The hypothesis tested in this thesis is that parks in the Lower Fraser Valley are crowded, that visitors perceive this crowding and, as a result, the recreational experience of the visitors has diminished. Cultus Lake and Golden Ears Provincial Parks in the Lower Fraser Valley were chosen as the parks in which the study was to be conducted. Information about perception of crowding and other factors affecting perception was solicited from both campers and day users at the park in the period July-August, 1971. Information was collected through the use of a questionnaire. Several multi-variate data analysis techniques were applied to the resultant data. The object of the analysis was to find out which socio-economic variables were significantly related to perception of crowding and if perception of crowding was related to an objective measure of the environment.
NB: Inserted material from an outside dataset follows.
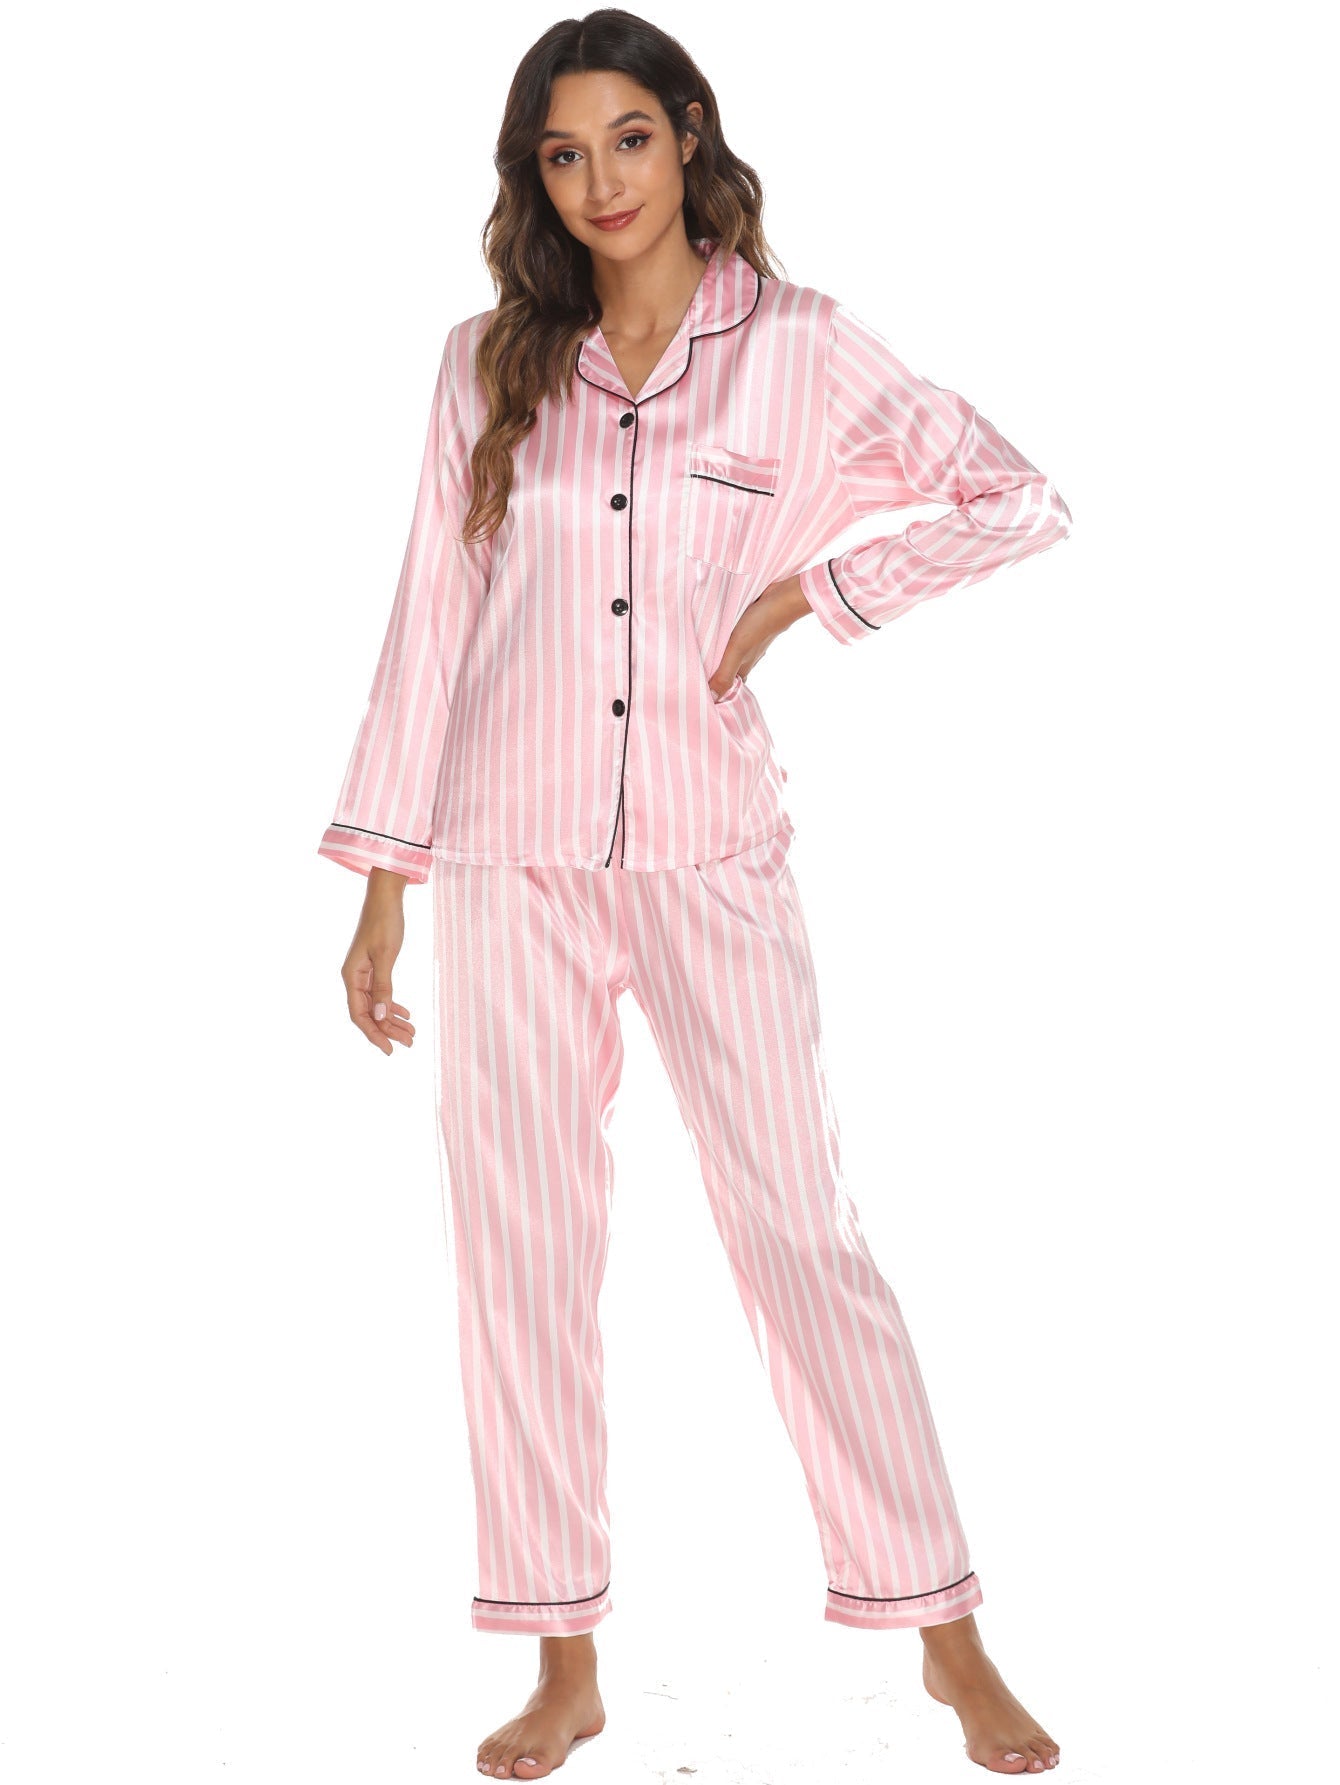 Home Wear Suit Pajamas Women Cardigan Long Sleeve Long Sleeve Autumn
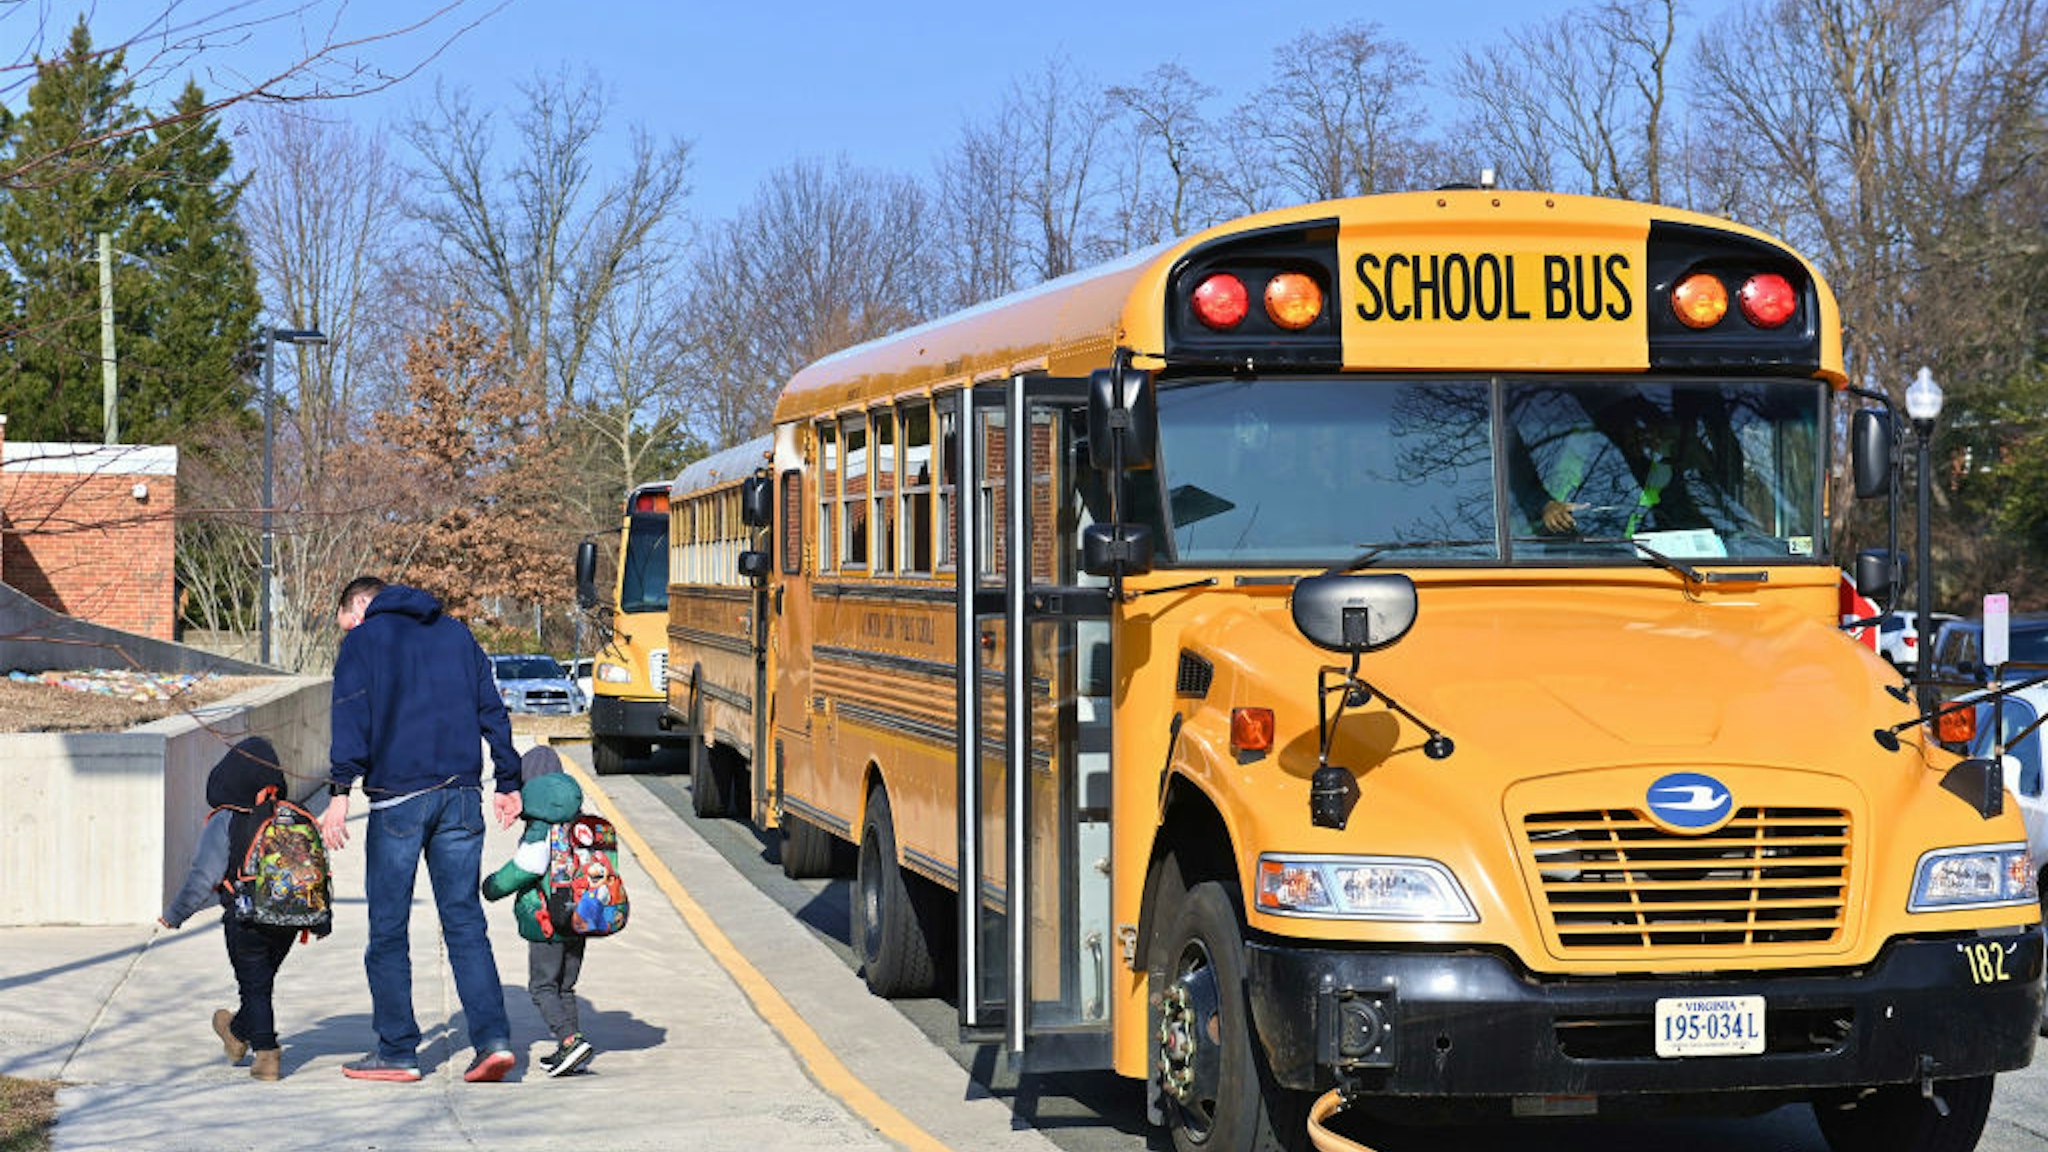 ARLINGTON, VA - MARCH 04: A school bus arrives at Ashlawn elementary school on March 4, 2021 in Arlington, VA. Ashlawn elementary school reopens on Thursday in Arlington.

The measure was density. In addition, an attempt was made to find out if the traditional concept of user groups is a meaningful way of looking at visitors when perceptions and satisfaction of visitors is the issue being studied. The research analysis revealed that perception of crowding exists to a greater extent among day users than among campers; that perception of crowding was related to density among day users. The analysis further revealed that the traditional concept of user groups, i.e., fishing, hiking, etc., offers little by way of categorizing users when perception is the object of study, since individuals in the same user group perceive crowding differently. The analysis also revealed that there is a need for more intensive research so as to reveal factors significant in influencing perception of crowding in the recreational environment.